PROVIDED DATA

- - - - - - -

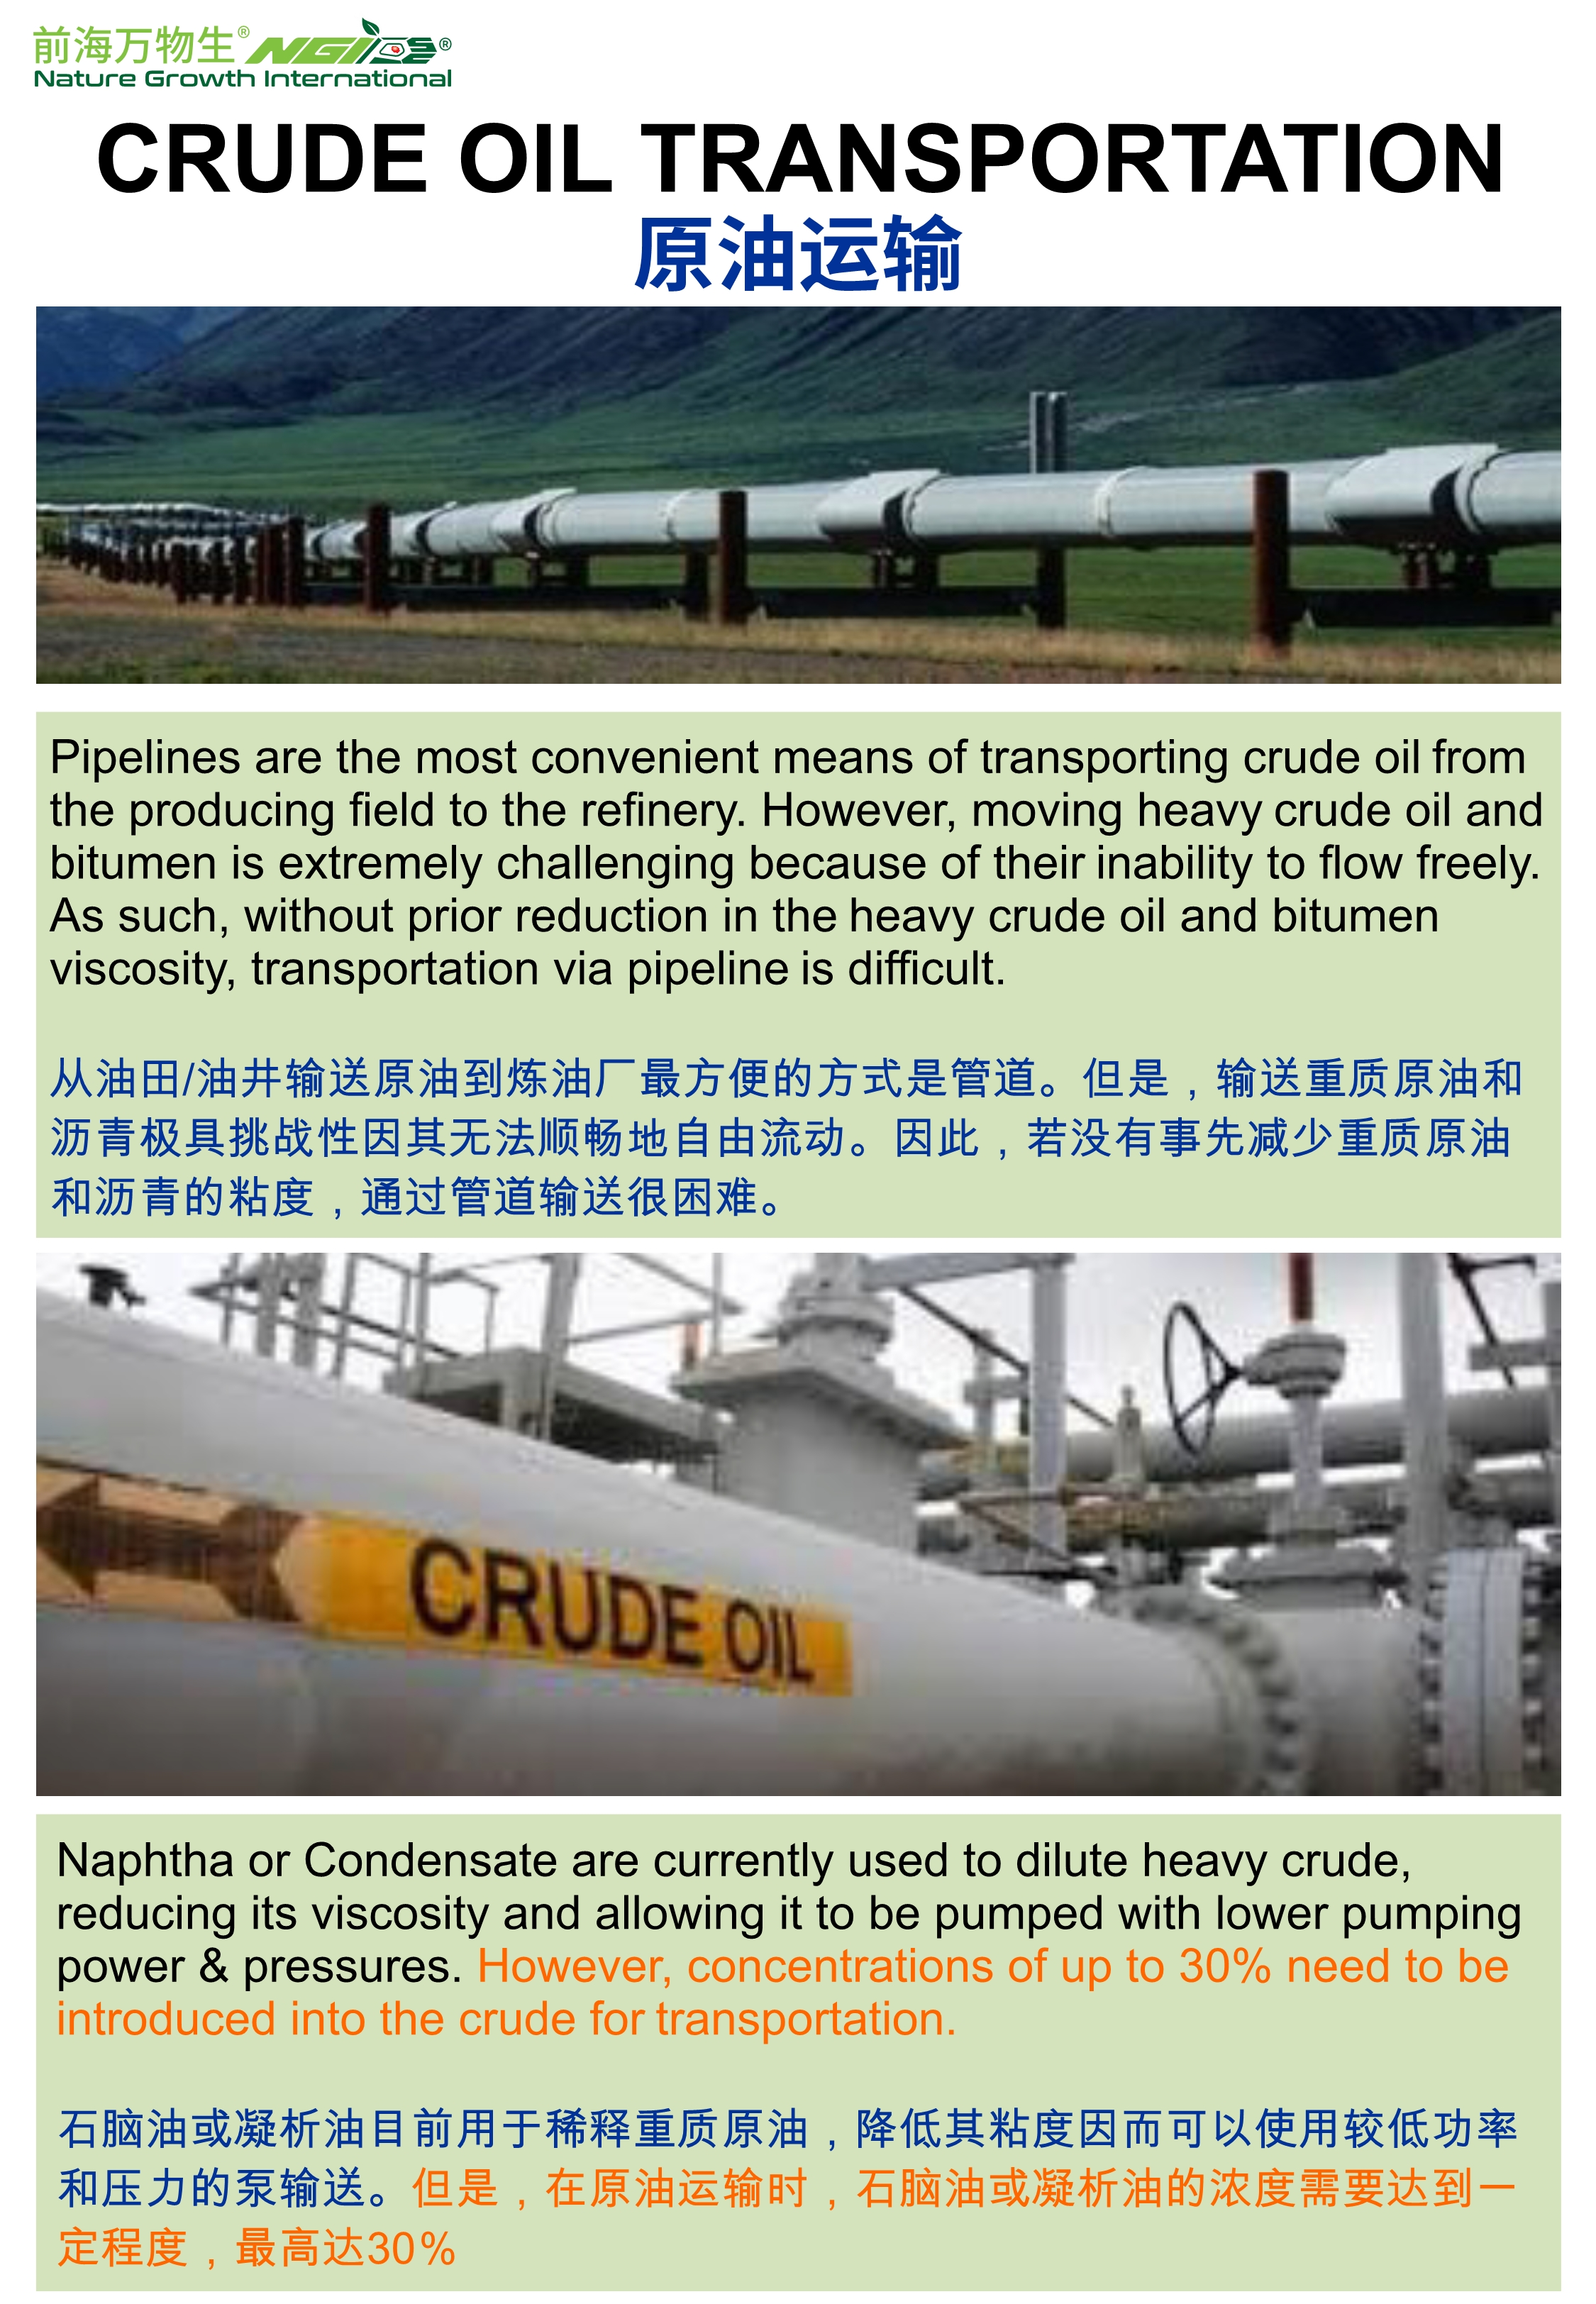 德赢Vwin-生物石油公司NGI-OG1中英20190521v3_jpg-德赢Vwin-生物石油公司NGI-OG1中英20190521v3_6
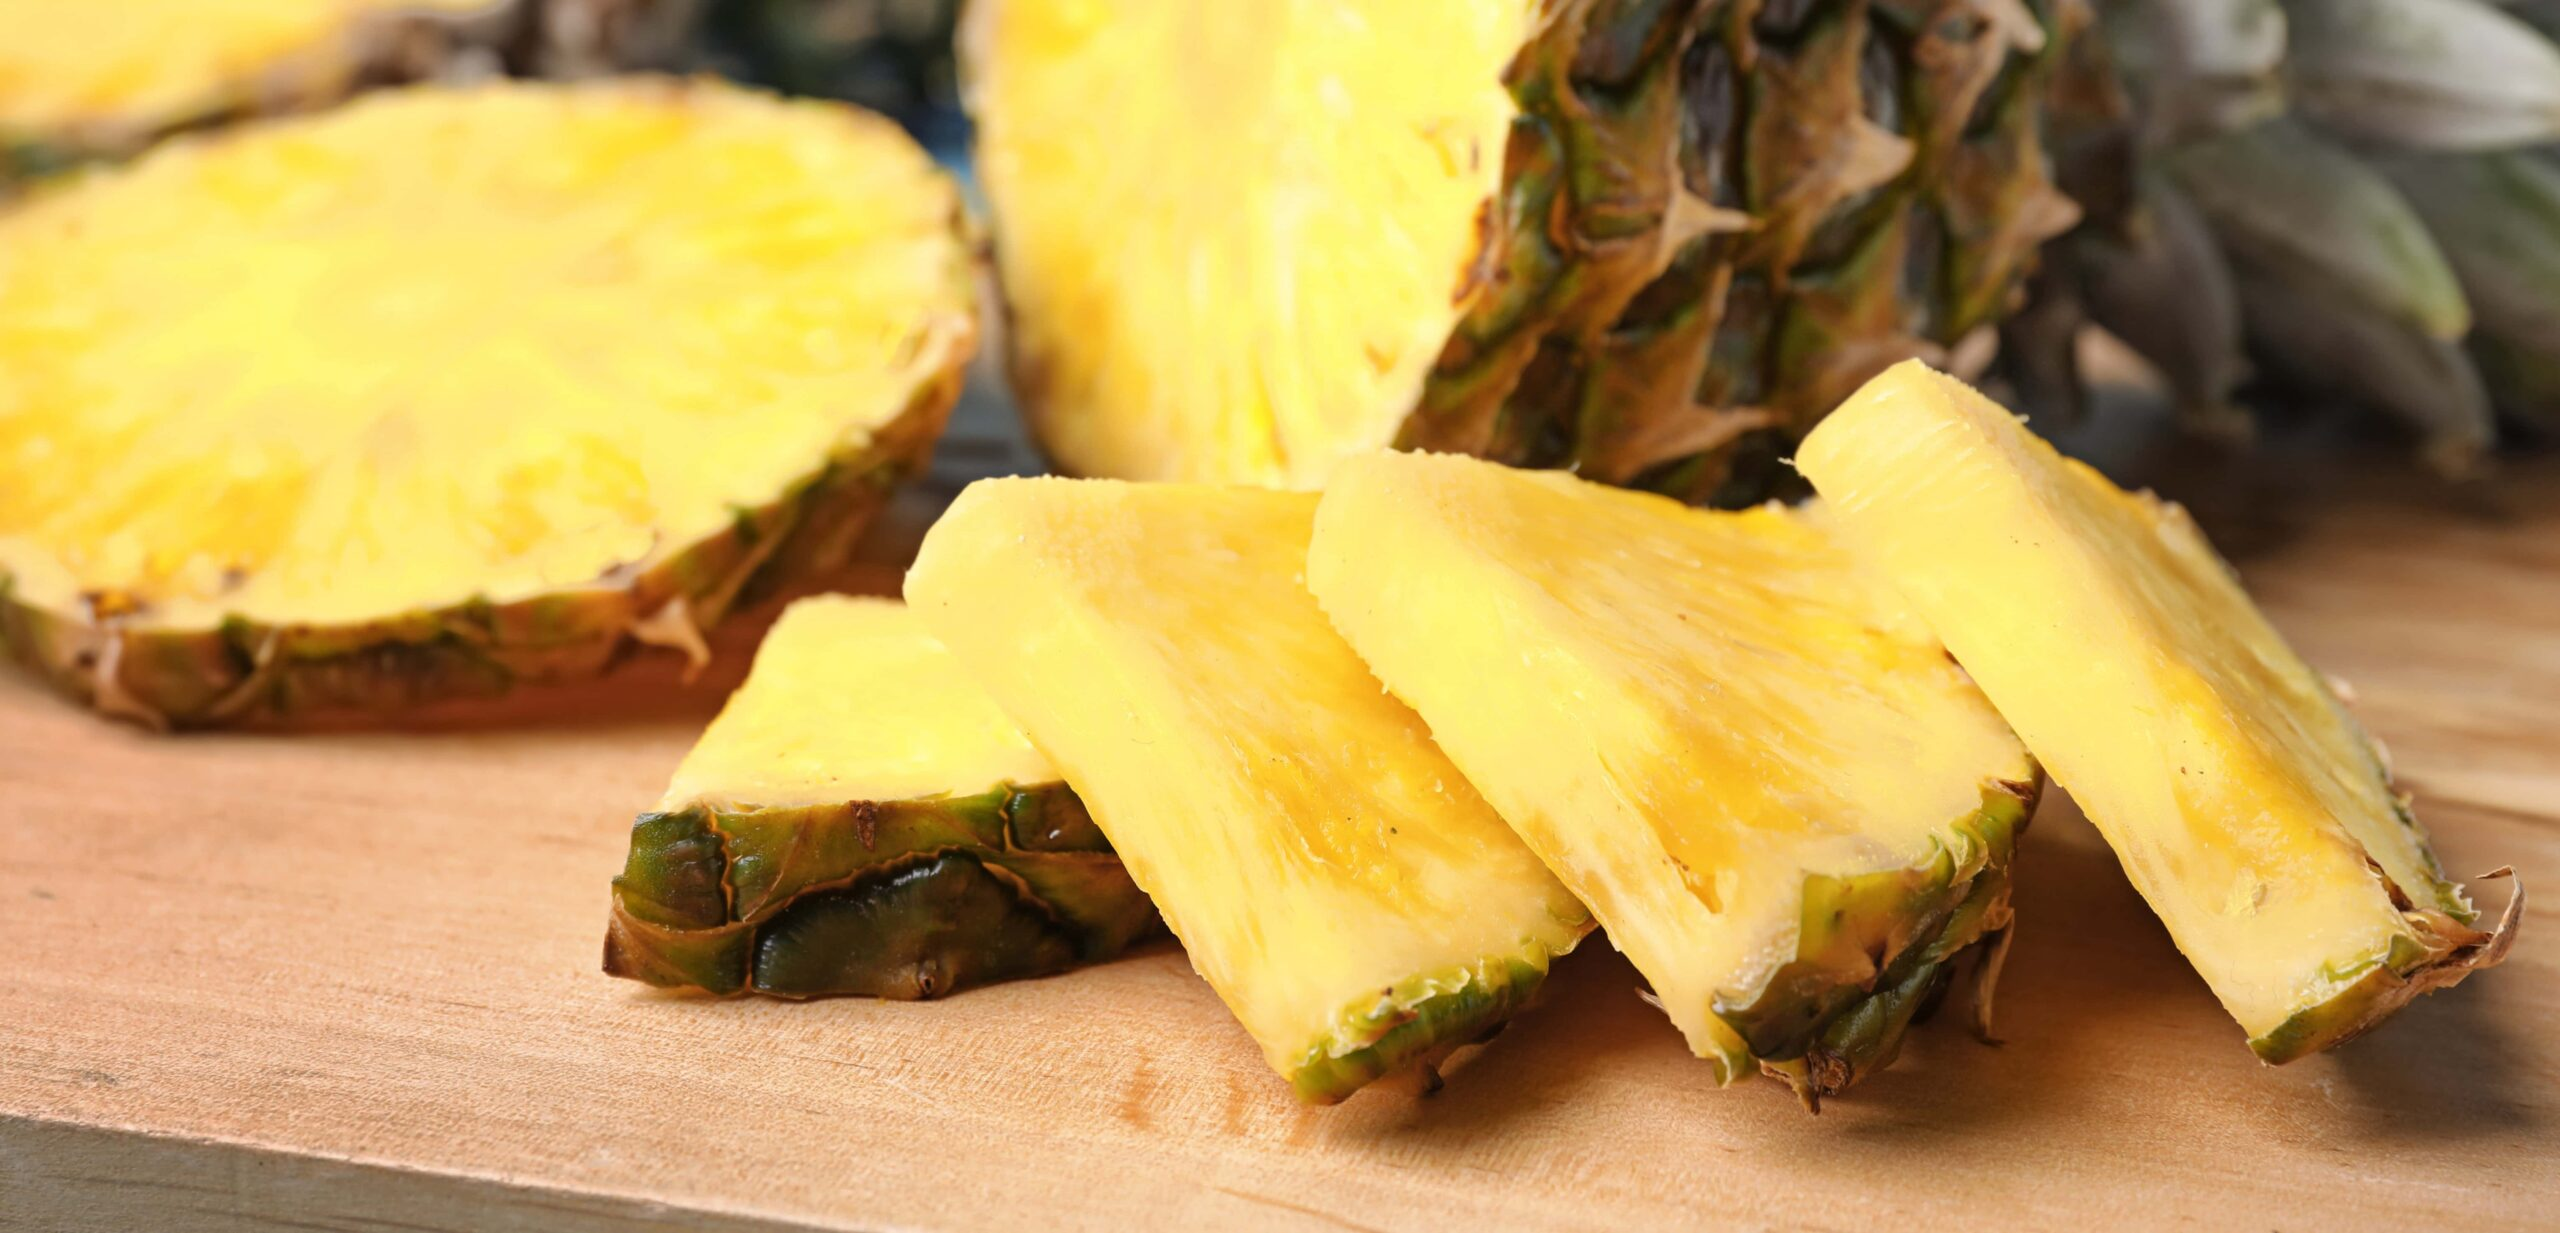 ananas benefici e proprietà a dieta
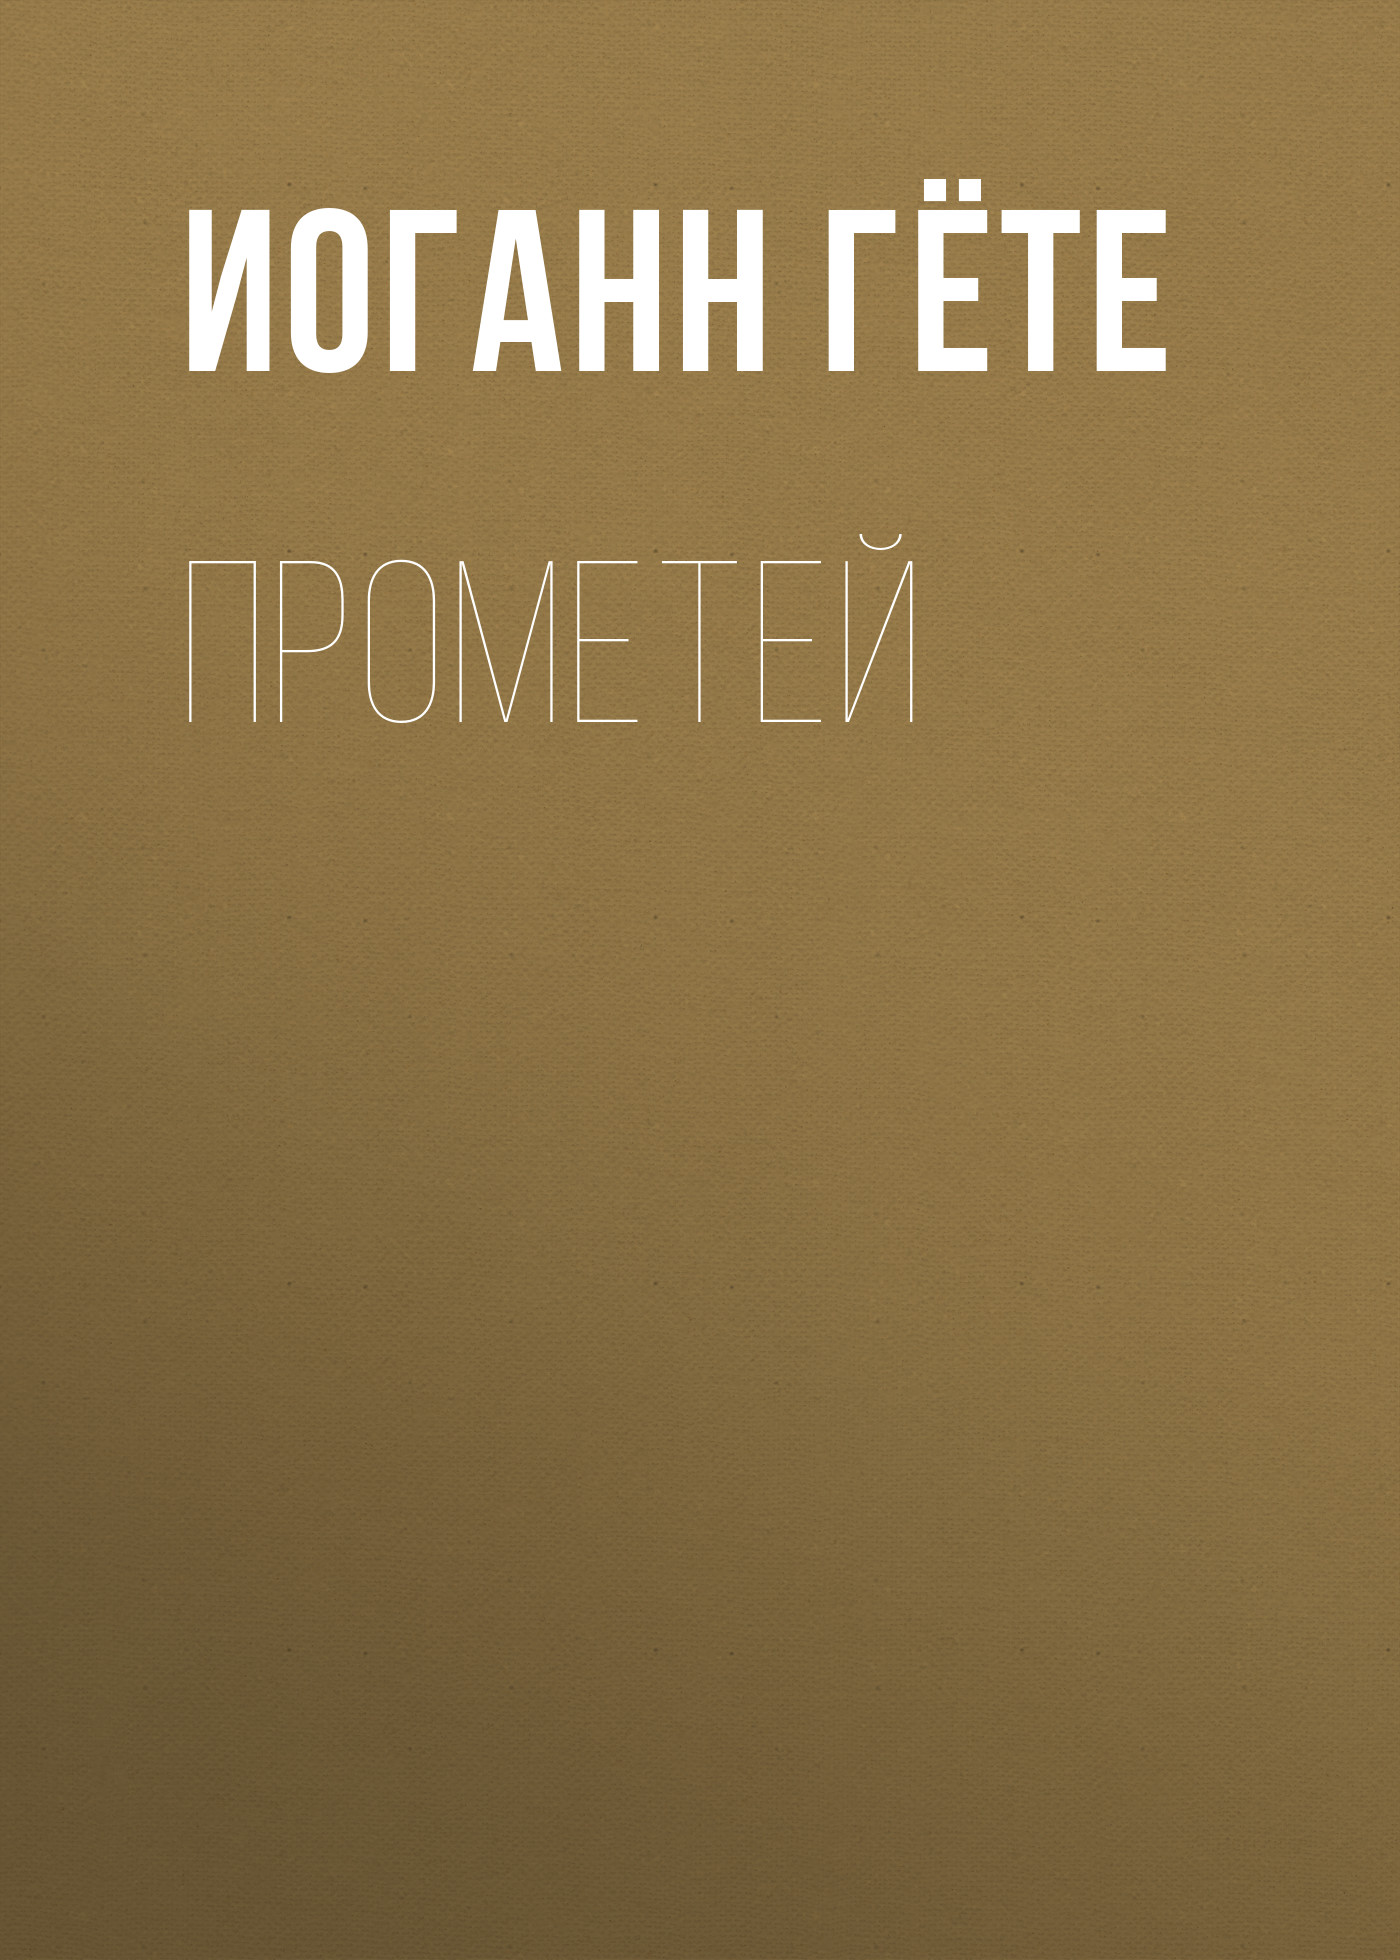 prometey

- - - - - - -

TASK TO COMPLETE
In your copy of the material, every word must match and no image should appear.

ANSWER TO THIS EXERCISE
 德赢Vwin-生物石油公司NGI-OG1中英20190521v3_jpg-德赢Vwin-生物石油公司NGI-OG1中英20190521v3_6
 ananas benefici e proprietà a dieta
 prometey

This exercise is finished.